I'm wondering if anyone here can help me get my head around MS Defender for Business. We're currently in the process of switching over and have one month until the contract with our current AV Provider (Sophos) runs out.
So far it's been plain sailing with 100% of our standard users having an MS 365 License which includes defender. They all have "their own" computer so that works out nice and easy. The server licenses/onboarding has been working fine as well following the set process from MS (scripts etc.).
But we also have a few manufacturing departments where computers are shared for ease of use. Following MS's guide, we'd need at least one licensed user (i.e. the main one) per computer to get that working. We were initially hoping we could get away with onboarding the computers and using a single user for all 40+ of them but that seems impossible (MS wants to make money of course)

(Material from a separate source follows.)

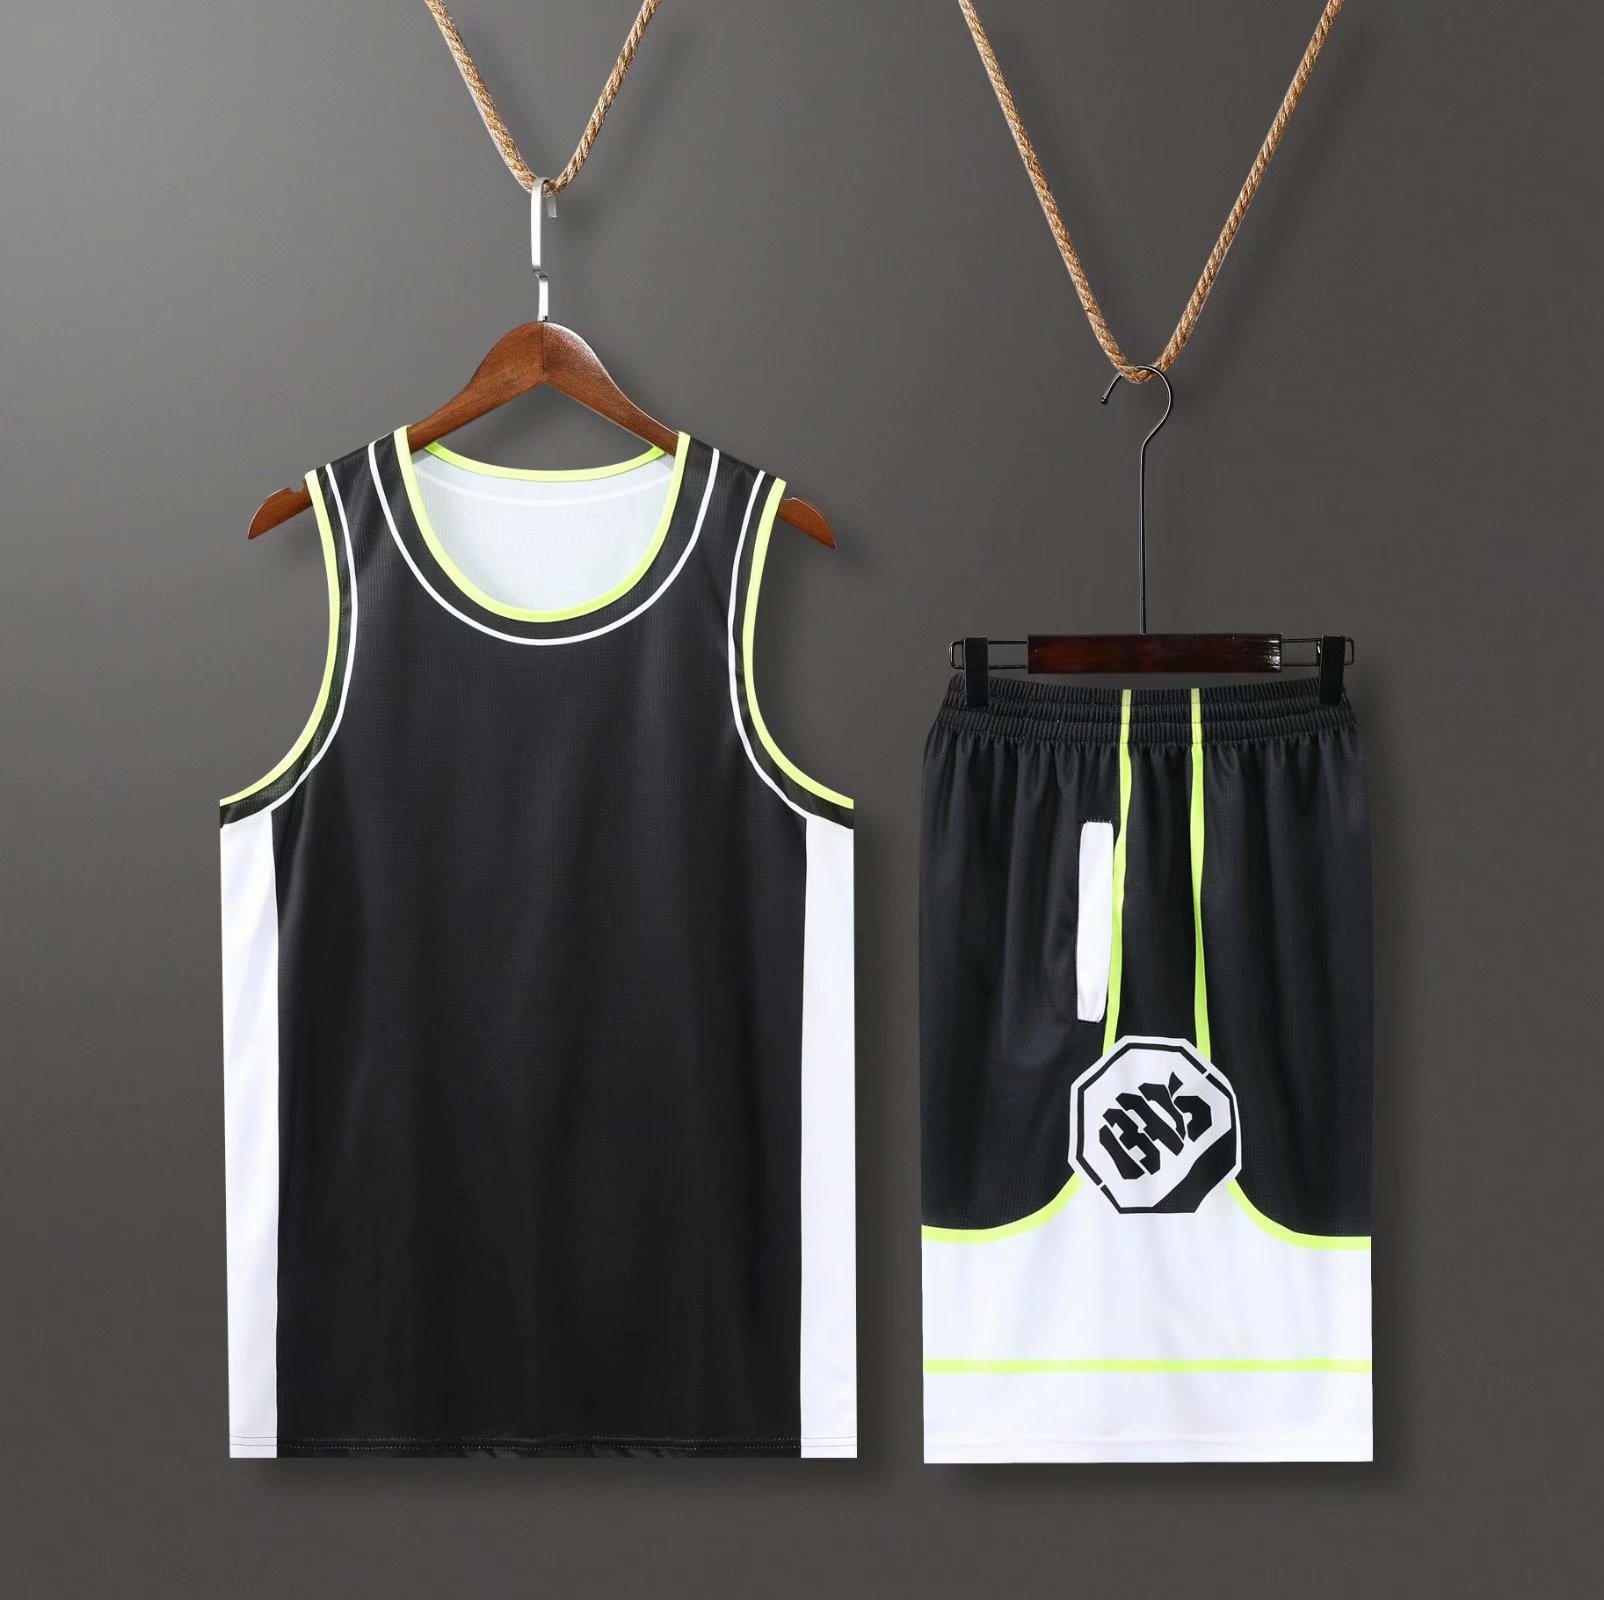 Cheap 2021 classic moisture absorption basketball men sports wear shirt jerseys basketball clothes can be customized and printed logo wholesale

The workaround we've been considering was using a licensed dummy user per computer that we use to simply sign into MS 365 (for the license). So we'd keep our current structure but then have for example FactoryUserA1 etc. with the license. Simply creating the users would save us a ton of work and I'd rather not have to generate 40+ users in our AD and then painstakingly configure them all to fit our current structure.
Hope I'm making sense here and that someone can help.

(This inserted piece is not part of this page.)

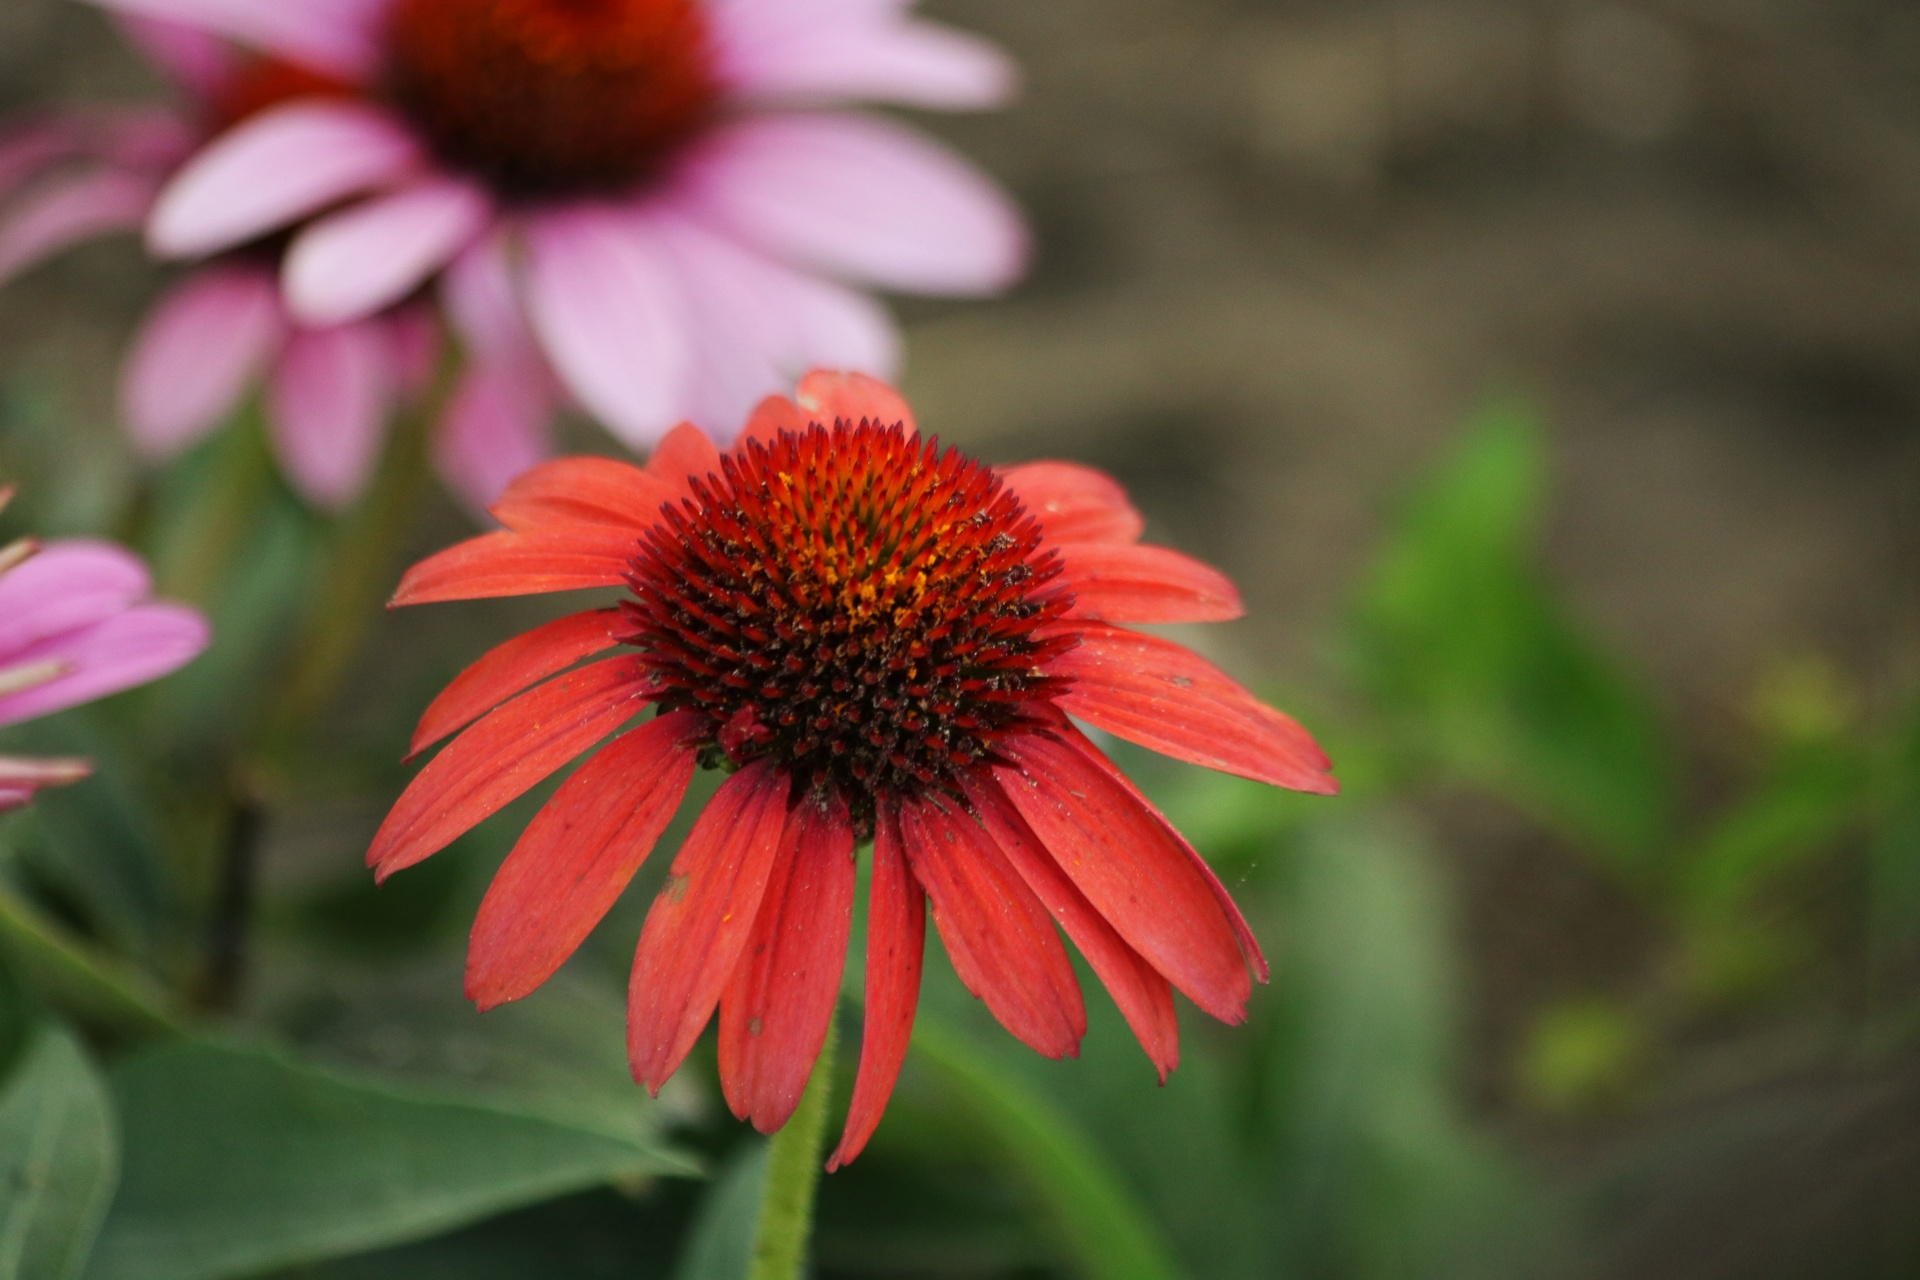 A beautiful dark orange coneflower with pink coneflowers blurred in the background, on a blurred green background.

Thanks for your time fellow Admins.
UPDATE: We've sorted it out. Our supplier neglected to tell us about the Defender for Endpoint licenses. We were under the false impression that the new licenses could oinly be assigned per user as they are included in the Business Premium package.
So the current setup has the 40+ computers being used to control machines or for simple admin - they don't require office programs or anything fancy beyond the occasional bit of industry software and cmd basically. The work is shared out among different teams and the computers need to be running 12+ hours a day constantly so having several users logging in/out, launching programs, forgetting passwords just holds everything up. Obviously it's a liability but they're heavily monitored.
So now we're in the situation where each computer needs a user with a license (due to the Defender licensing model) and I'm essentially being lazy trying to save myself a ton of work and hoping that I'd misunderstood the process, allowing a workaround of some variety.